HW is not involved, KVM is not involved anymore and all is emulated at 
the QEMU level in user space. What is the issue ? 

> There are some known deficiencies between KVM
> and the ultravisor negotiation, resulting in a hang in the SVM.

That is something else to investigate. feature/capability negotiation
is the core of the hypervisor stack : 

    OPAL <-> PowerNV <-> KVM <-> QEMU <-> guest OS

>>> If XIVE is requested through kernel command line option "xive=on",
>>> override and turn it off.
>>
>> This is incorrect. It is negotiated through CAS depending on the FW
>> capabilities and the KVM capabilities.
> 
> Yes I understand, qemu/KVM have predetermined a set of capabilties that
> it can offer to the VM.  The kernel within the VM has a list of
> capabilties it needs to operate correctly.  So both negotiate and
> determine something mutually ammicable.
> 
> Here I am talking about the list of capabilities that the kernel is
> trying to determine, it needs to operate correctly.  "xive=on" is one of
> those capabilities the kernel is told by the VM-adminstrator, to enable.

XIVE is not a kernel capability. It's platform support and the default
for P9 is the native exploitation mode which makes full use of the P9
interrupt controller. For non XIVE aware kernels, the hypervisor emulates
the legacy interface on top of XIVE. 

"xive=off" was introduced for distro testing. It skips the negotiation 
process of the XIVE native exploitation mode on the guest. But it's not
a negotiation setting. It's a chicken switch.

> Unfortunately if the VM-administrtor blindly requests to enable it, the
> kernel must override it, if it knows that will be switching the VM into
> a SVM soon. No point negotiating a capability with Qemu; through CAS,
> if it knows it cannot handle that capability.

I don't understand. Are you talking about SVM or XIVE ? 

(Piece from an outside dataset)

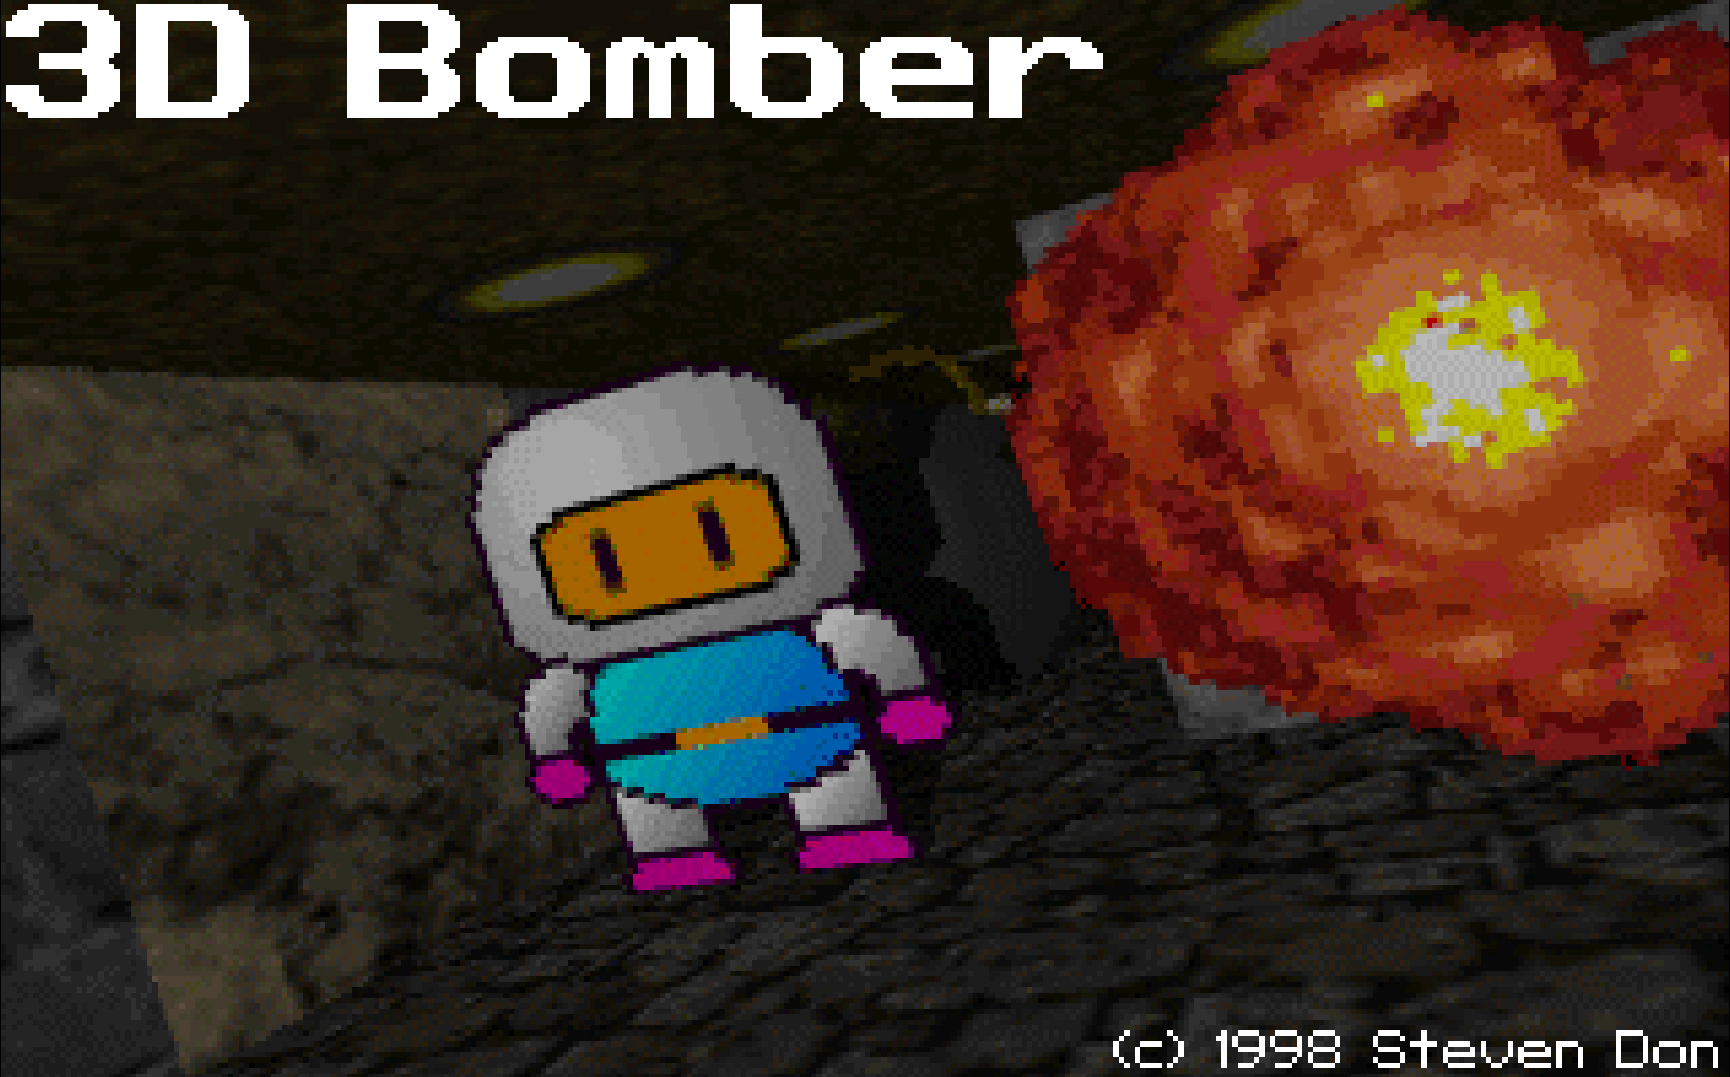 3d bomber

>>> If XIVE is the only supported platform interrupt controller; specified
>>> through qemu option "ic-mode=xive", simply abort. Otherwise default to
>>> XICS.
>>
>>
>> I don't think it is a good approach to downgrade the guest kernel 
>> capabilities this way. 
>>
>> PAPR has specified the CAS negotiation process for this purpose. It 
>> comes in two parts under KVM. First the KVM hypervisor advertises or 
>> not a capability to QEMU. The second is the CAS negotiation process 
>> between QEMU and the guest OS.
> 
> Unfortunately, this is not viable.  At the time the hypervisor
> advertises its capabilities to qemu, the hypervisor has no idea whether
> that VM will switch into a SVM or not. 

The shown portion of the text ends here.